Our local Barnes and Nobel still have deeply discounted 1st edition Nook cases.  I looked at a few the other day in the $5 range.


----------



## maries (Dec 29, 2010)

I haven't looked at the size but if you check that out and find something similar, you could find some options.  There are quite a few ereaders and smaller tablets that you might be able to find something that works.  I had a phone that didn't fit most cases to slide out easily and ended up finding a little GPS pouch that worked perfect.


----------



## Carol (was Dara) (Feb 19, 2011)

I don't know if you have a CATOS in your town but my local one carries some really cute zip-up covers for "netbooks and ereaders". I just got one for my netbook and it fits great. They'd be too big for a regular K3 but might work for something the size of a DX.


----------



## Tabatha (Oct 4, 2009)

Any slipcase that you had for the K3 should probably work as this new Touch is only less than an inch shorter, tiny bit narrower, and the same thickness. If you had any of the slipcases handmade for the K3 it should work fine.


----------



## GreenThumb (Mar 29, 2009)

I have a sleeve I made for the K2 when testing the pattern for strawhatbrat.  My new $79 Kindle is in it right now, swimming around a bit, but it's certainly doable.  I also tried out a K3 sleeve I made, and it's a much better fit, just that inch too long.  So I agree with Tabatha that the sleeves out there for the K3 would be fine.


----------



## CS (Nov 3, 2008)

I looked all over - Walmart, Target, even Ross - and everything was either the wrong size or close to the same price as the official Amazon cases (I looked at more than just e-reader cases...I looked at any and every kind of case available). I checked out BN hoping to score one of those $5 Nook cases mentioned above, but that was a no-go as well.  I was ready to take Luvmy4brats' advice and use a potholder...LOL.

Then I found this:



Mine is black though. Only Amazon third-party sellers carry it. The seller I bought it from - "GaryCave" - offered a choice of red or black. I contacted them asking for black, and upon their reply, I ordered. Oddly enough, it's no longer listed by that seller. I'm not sure why. But other sellers are still offering it (in the red shown above).

It's a bit too tall, wide, and deep all around for the K79, but I knew that before I placed the order.

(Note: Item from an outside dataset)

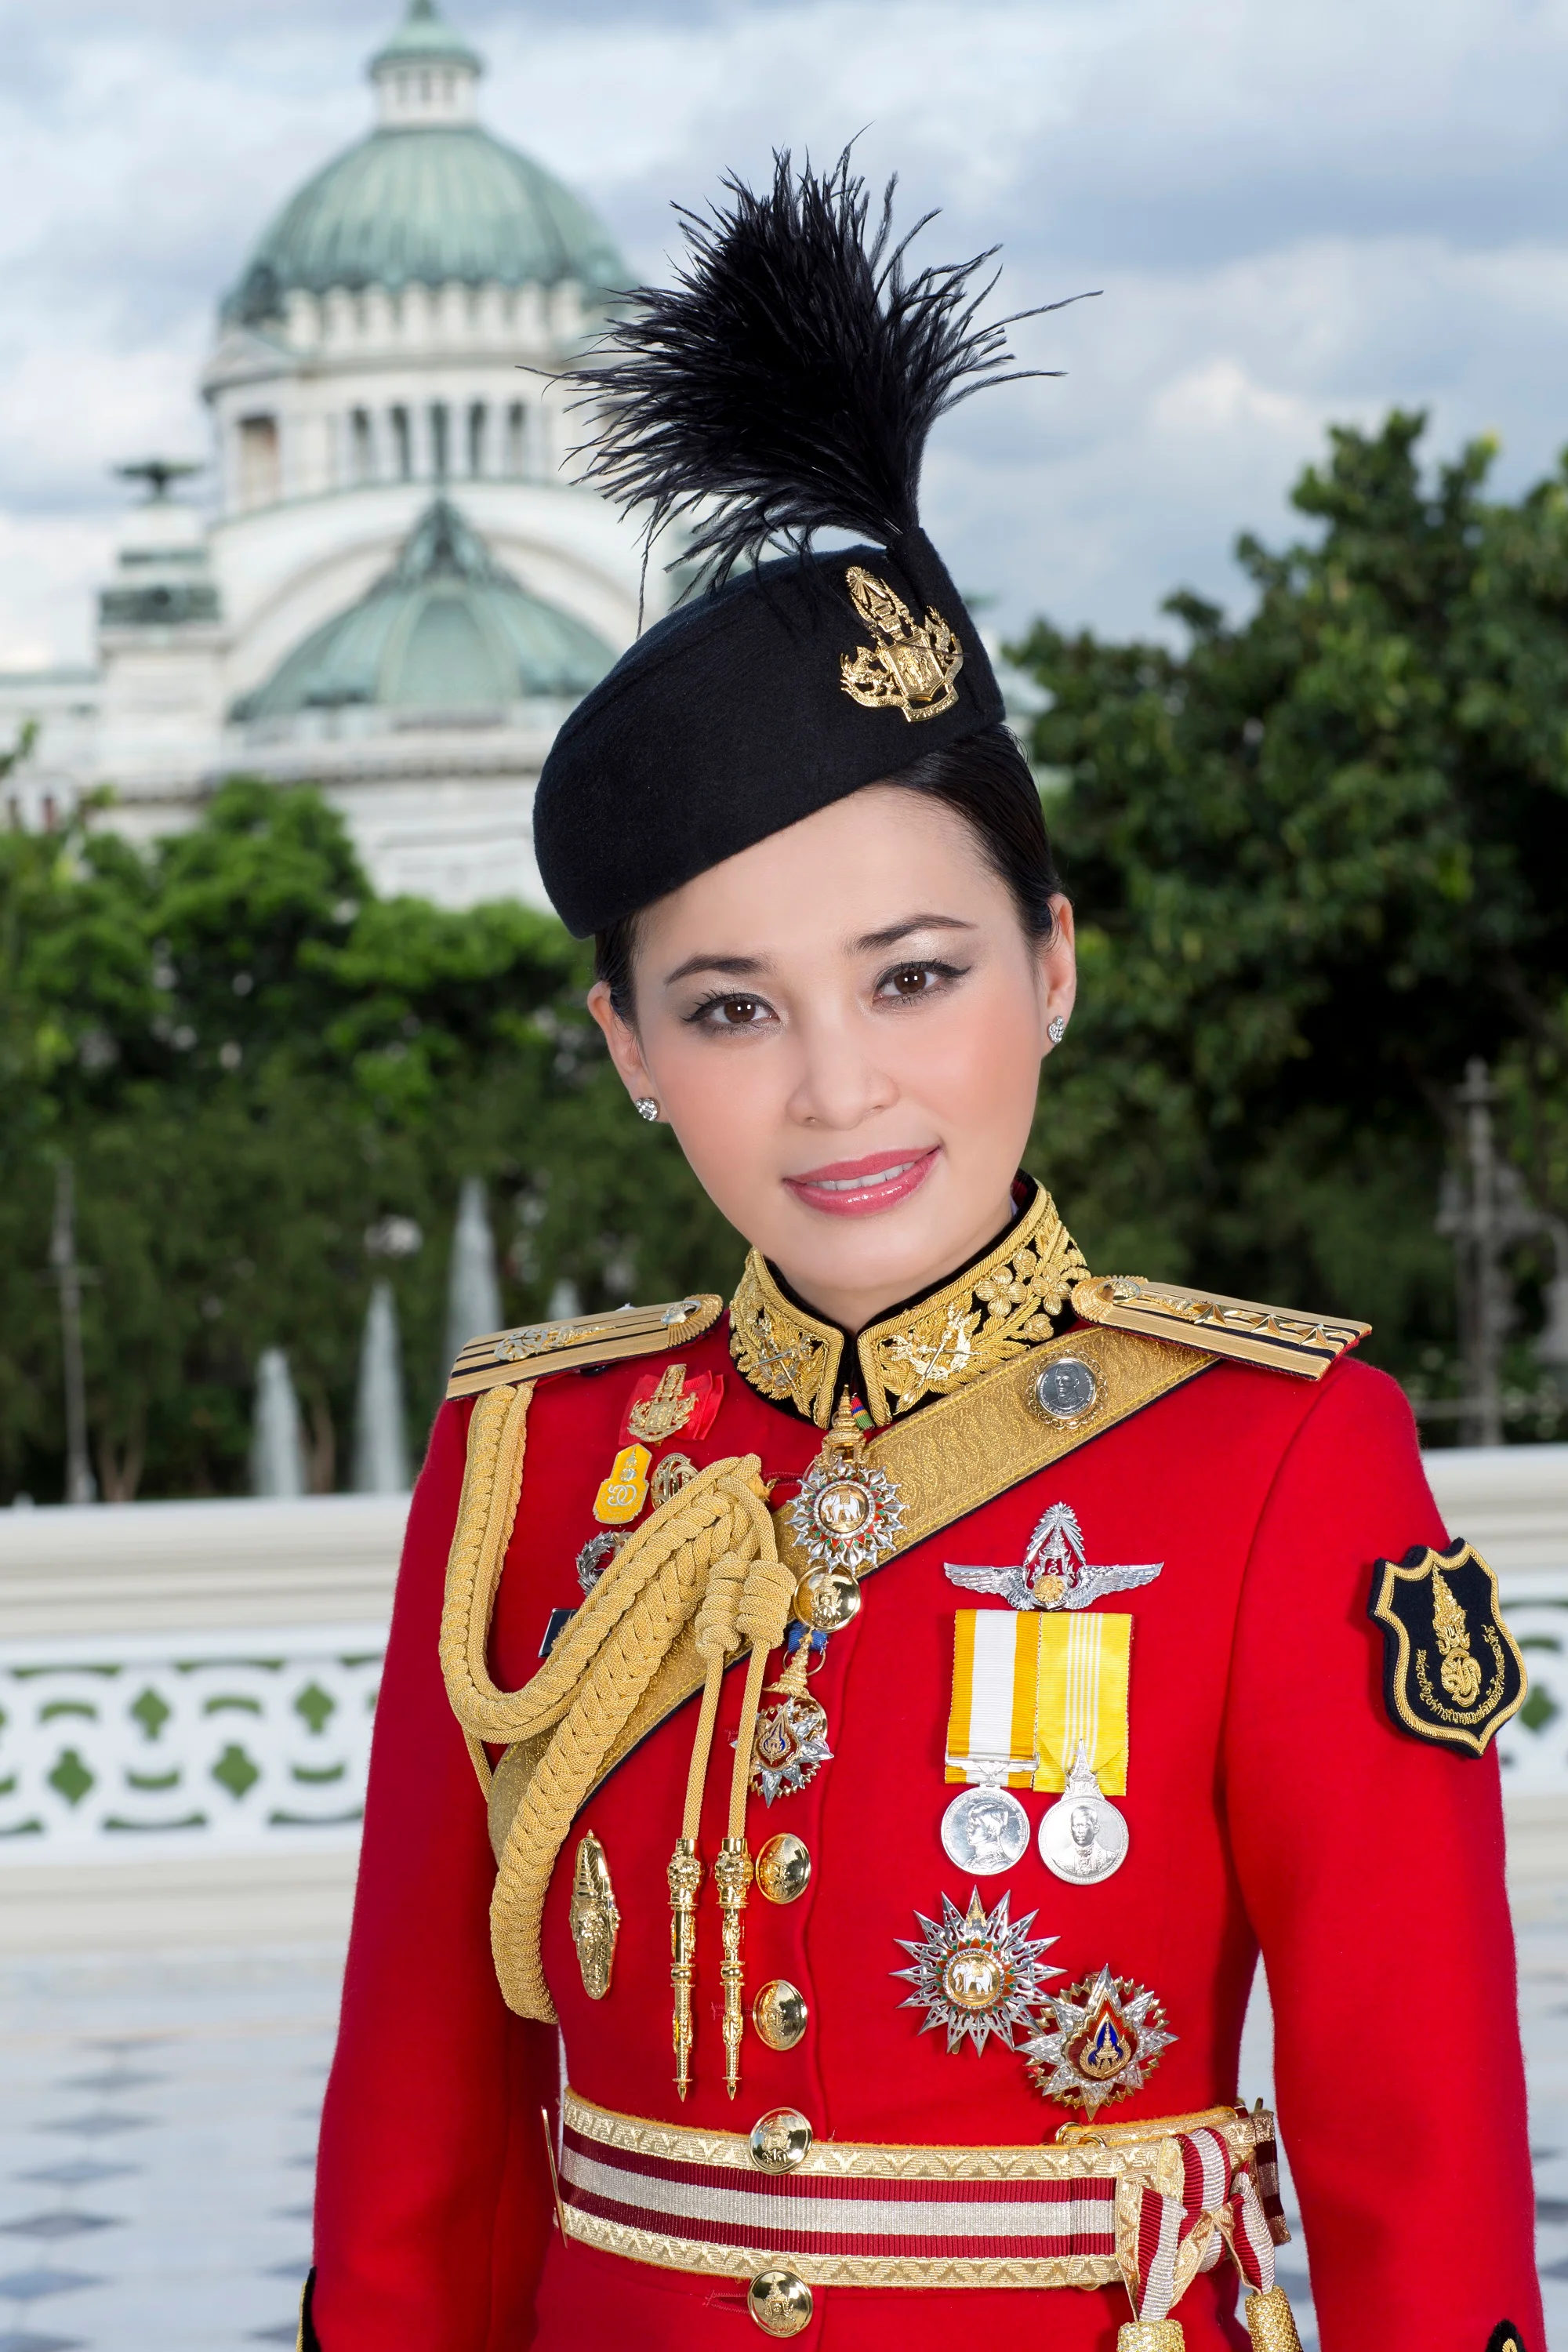 Появились первые официальные фото королевы Таиланда, и они не похожи на портрет Меган - фото 434522

So, while it's far from a perfect solution, it more than gets the job done for now. I wanted a case fairly quickly, and this will tide me over in the meantime until I can find something specifically for the K79 that doesn't cost an arm and leg.

I paid only $5 for this.

If anyone else is interested, I'll snap some pics. Just LMK. You probably won't be able to get it in black - I got lucky there - but you can't beat the price either way (it varies a bit depending on the seller, but it's pretty cheap in general).

Edit: Bestbuy.com (and probably other e-tailers as well) also carry this case.


----------



## ayuryogini (Jan 3, 2010)

I don't remember what thread it was in, but someone mentioned they were putting their new Kindle in a tube sock!
Now that's unconventional. (it must be a pretty stretchy sock)


----------



## patrickt (Aug 28, 2010)

I got a Marware cover but while I waited I used a sweat sock. I had an odd sock so I rolled the top down till it was about an inch longer than the Kindle Basic. I could stretch the opening wide, slide the Kindle in and then stash it in my daypack. Worked fine but I got a cover for rigidity.


----------



## Brendako (Mar 27, 2009)

I love my BoxWave Sienna Leather Vertical case!! I had one for my K2 and now for my K3.  It is perfect, and I got it on Amazon for a promo price of about $13 shipped.


----------